Un père vient de mourir et le fils, transi dans le cimetière, sait déjà que le défunt « n’habite pas cette tombe » où on le glisse. « Nos morts nous constituent », écrit le narrateur à propos de ce disparu qui ne le lâchera plus. Il hante, survivance tyrannique, ses jours comme ses nuits, colocataire de ses insomnies, venu y creuser par effraction sa vraie sépulture. Avec Les Lendemains d’hier (éd. Elyzad), Ali Bécheur, l’un des auteurs majeurs de la littérature tunisienne contemporaine, signe un roman – son huitième – dédié à l’empire de la filiation : l’histoire de la vaine révolte d’un fils face à l’« absent toujours présent ».

Un monologue insurgé

Ce livre narre un combat exténué. Comment exister devant un père monumental, enfant de barbier de la médina devenu à force d’études une étoile du barreau de Tunis, défenseur des patriotes dressés contre la France puis notable après l’indépendance de 1956 ? Comment le combler, le flatter, quand on préfère le foot à la classe, la plage à la géométrie, les filles aux dictées ? Ainsi s’étire une poignante complainte, trop lucide pour être éplorée, celle d’un fils qui a grandi avec la peur de décevoir sa majesté de père, la douleur lancinante d’être affligé d’« un manque que rien ne comblerait ».

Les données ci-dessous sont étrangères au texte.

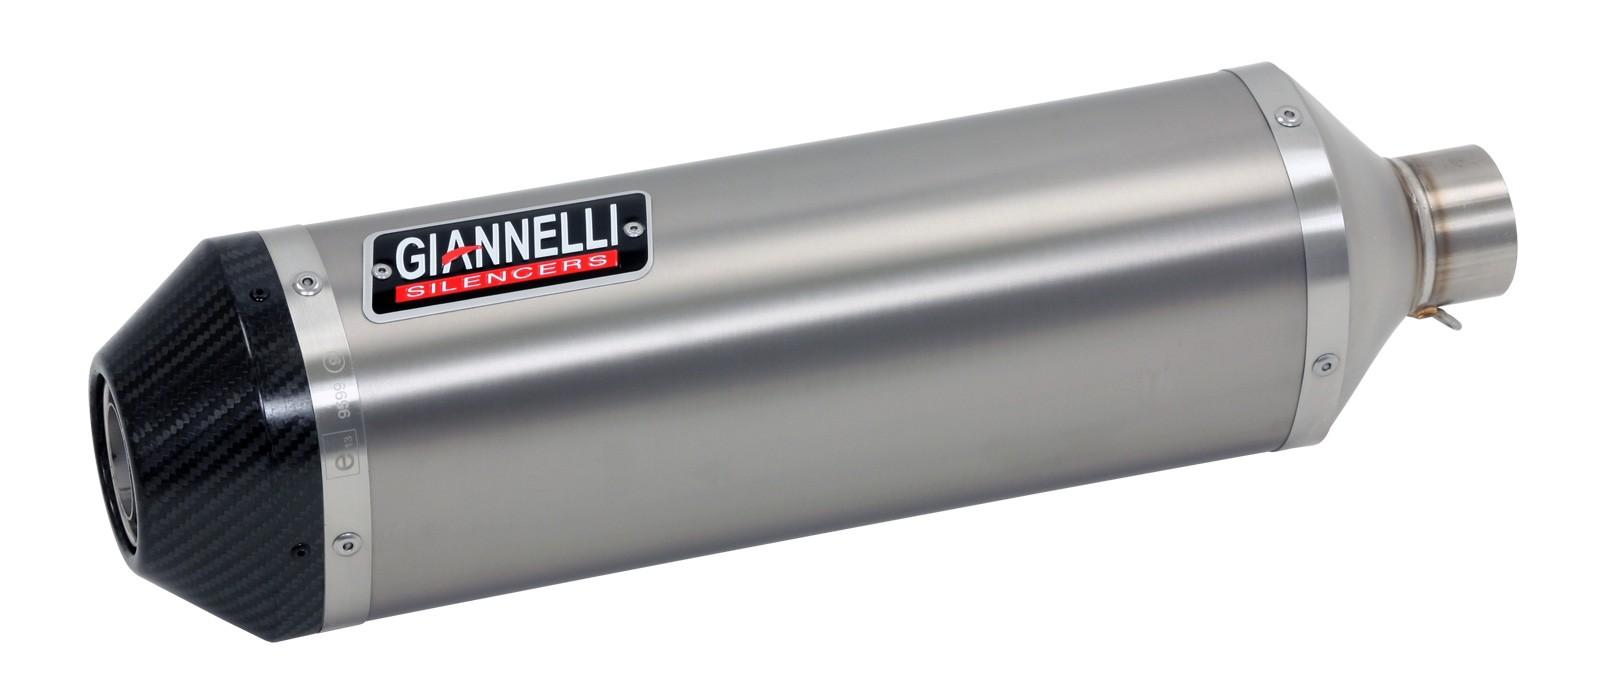 ESCAPES GIANNELLI YAMAHA - Sistema completo IPERSPORT Silenciador aluminio versión Black Line Yamaha BW'S 125 4T Gianne
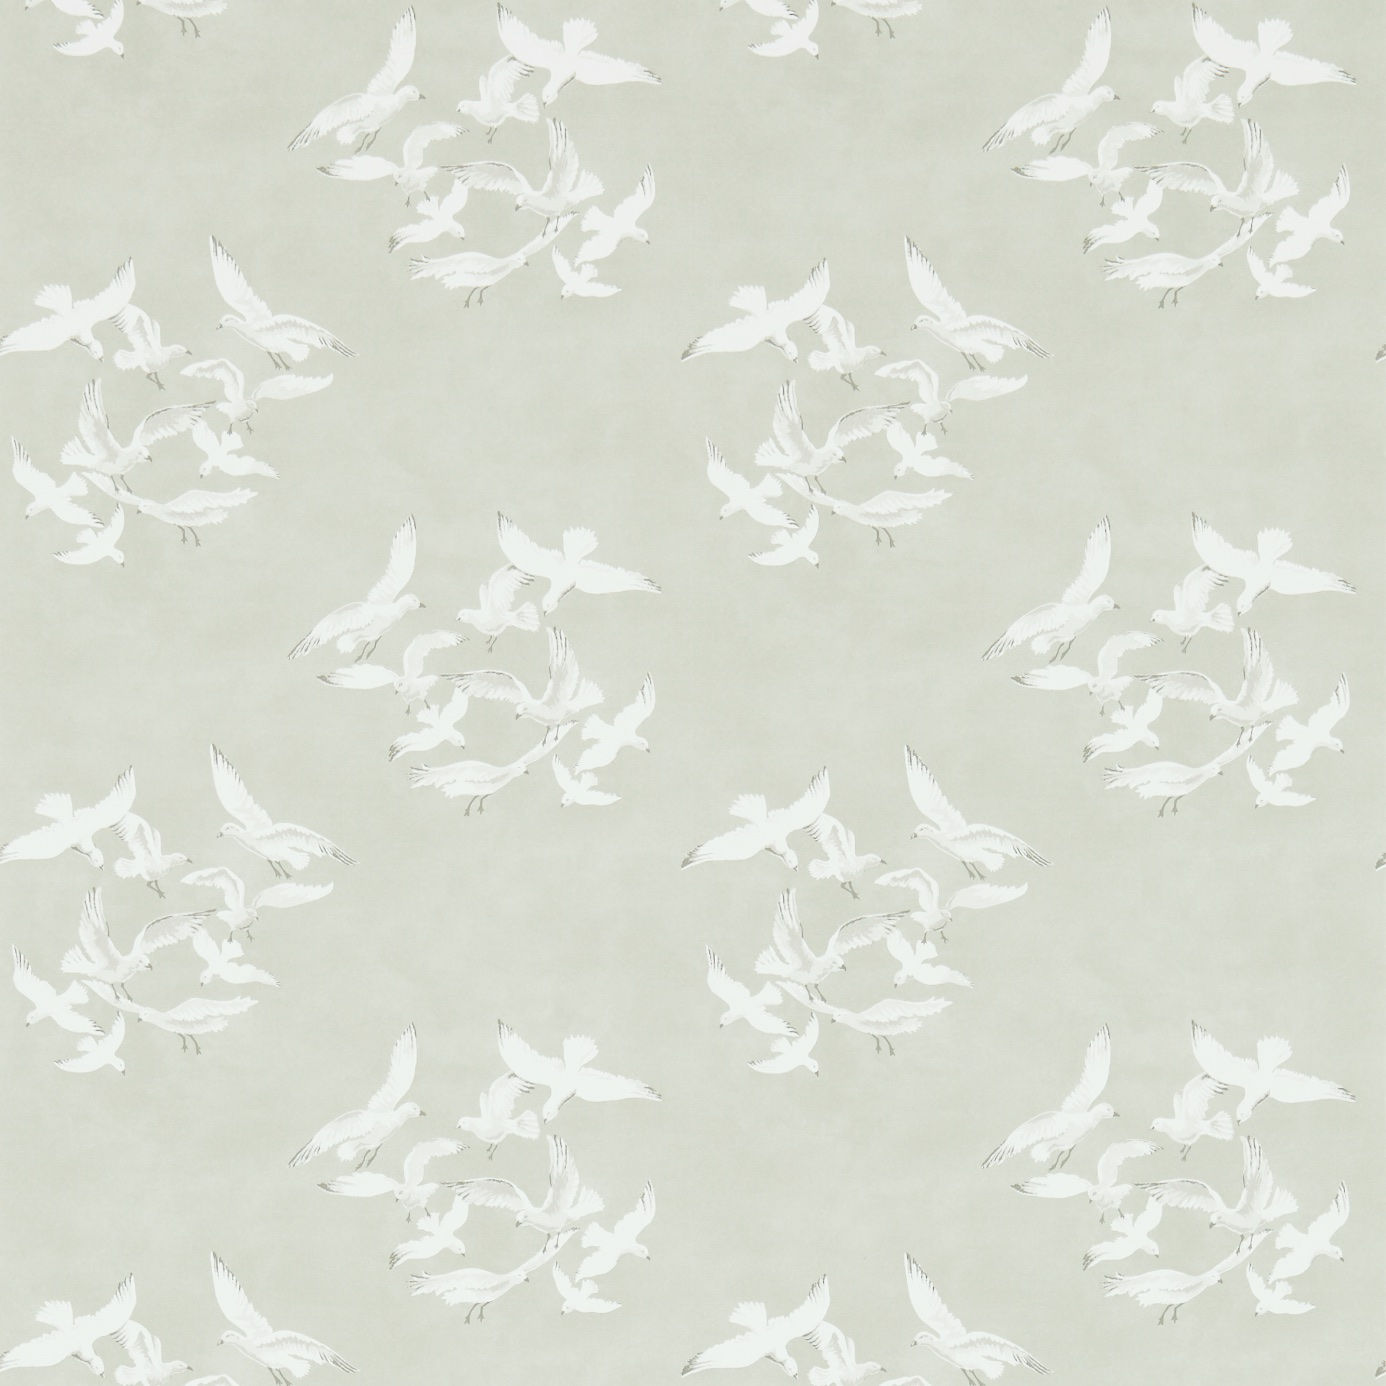 Seagulls-214587

Ce père-là n’a jamais été un grand causeur à domicile, chiche de ses mots – paradoxe du ténor –, mais ses regards en disaient déjà trop. Le fils y lit le dépit : « Mauvais fils. » « Pourquoi ? Parce que je n’étais pas le fils dont tu rêvais ? » Alors il espère la rémission dans l’exploration de la mémoire du père, trame rafistolée à partir de « petits rien » car le taiseux a peu dévoilé de lui. « Je sais ce que tu penses. Que je fabule […], que je défigure ta mémoire. La faute à qui ? La faute à ton silence, à la muraille derrière laquelle tu t’es retranché. »

C’est un corps à corps, un pugilat avec l’absent, un monologue insurgé qui évoque le Syngué sabour d’Atiq Rahimi (POL, 2008). L’exercice apaise au bout du compte, car donner une voix à un amour aphone, dire le silence, c’est déjà un peu se libérer. Mais quel jeu de massacre au fil de cet affranchissement ! Ali Bécheur règle ses comptes avec l’imposture de la mémoire, cette chimère, cette mystification littéraire. Quand il retourne dans la maison du père, il ne voit que des « volets tirés » et un « mûrier desséché ». Tout a été englouti, il ne reste plus rien. Exhumer l’enfance, cette « insincérité », n’est à ses yeux qu’affabulation. Il rêve d’une « mémoire du vide ».

La chair, scandale politique

Est-ce la coquetterie du mémorialiste ? Car Ali Bécheur a fait son œuvre d’archéologue, fouillant le privé et excavant le collectif, divulguant du coup une magistrale histoire subjective de la Tunisie en marche. Le lecteur suit Si Omar – le père – dans le grand tourbillon de l’émancipation d’un peuple qui ne souffre plus le joug colonial et l’arrogance des « prépondérants », comme s’appelaient alors les Français du protectorat pour se distinguer de la masse indigène. Le fils-narrateur ne comprend guère les batailles d’adultes mais ce qu’il voit, ce qu’il vit physiquement, c’est la brutalité de la frontière qui se dresse dès que le sexe mûrit.

La bande de copains du quartier, celle du foot et des baignades, où s’entremêlaient le Français, l’Arabe, le Maltais et le Sicilien, soudain se scinde quand fleurissent les filles. « Bernard, Nino, César, Daniel, Eric pouvaient bander prépondérant, quant à moi je devais bander arabe. » Ainsi se déchire l’illusion d’une fraternité qui vient se fracasser sur le grand tabou de la chair, ce scandale politique. Ali Bécheur n’est jamais aussi convaincant que lorsqu’il balaye ce spectre des émotions, intimes et sociales. L’enquête sur le père déroute soudain, voie sans issue. Elle bifurque sur le fils s’éveillant à son siècle jusqu’à faire mentir l’auteur qui avait – sans trop y croire ? – prophétisé « une mémoire du vide ».

Les Lendemains d’hier, Ali Bécheur, éd. Elyzad, Tunis, 2017, 272 pages, 19,90 euros.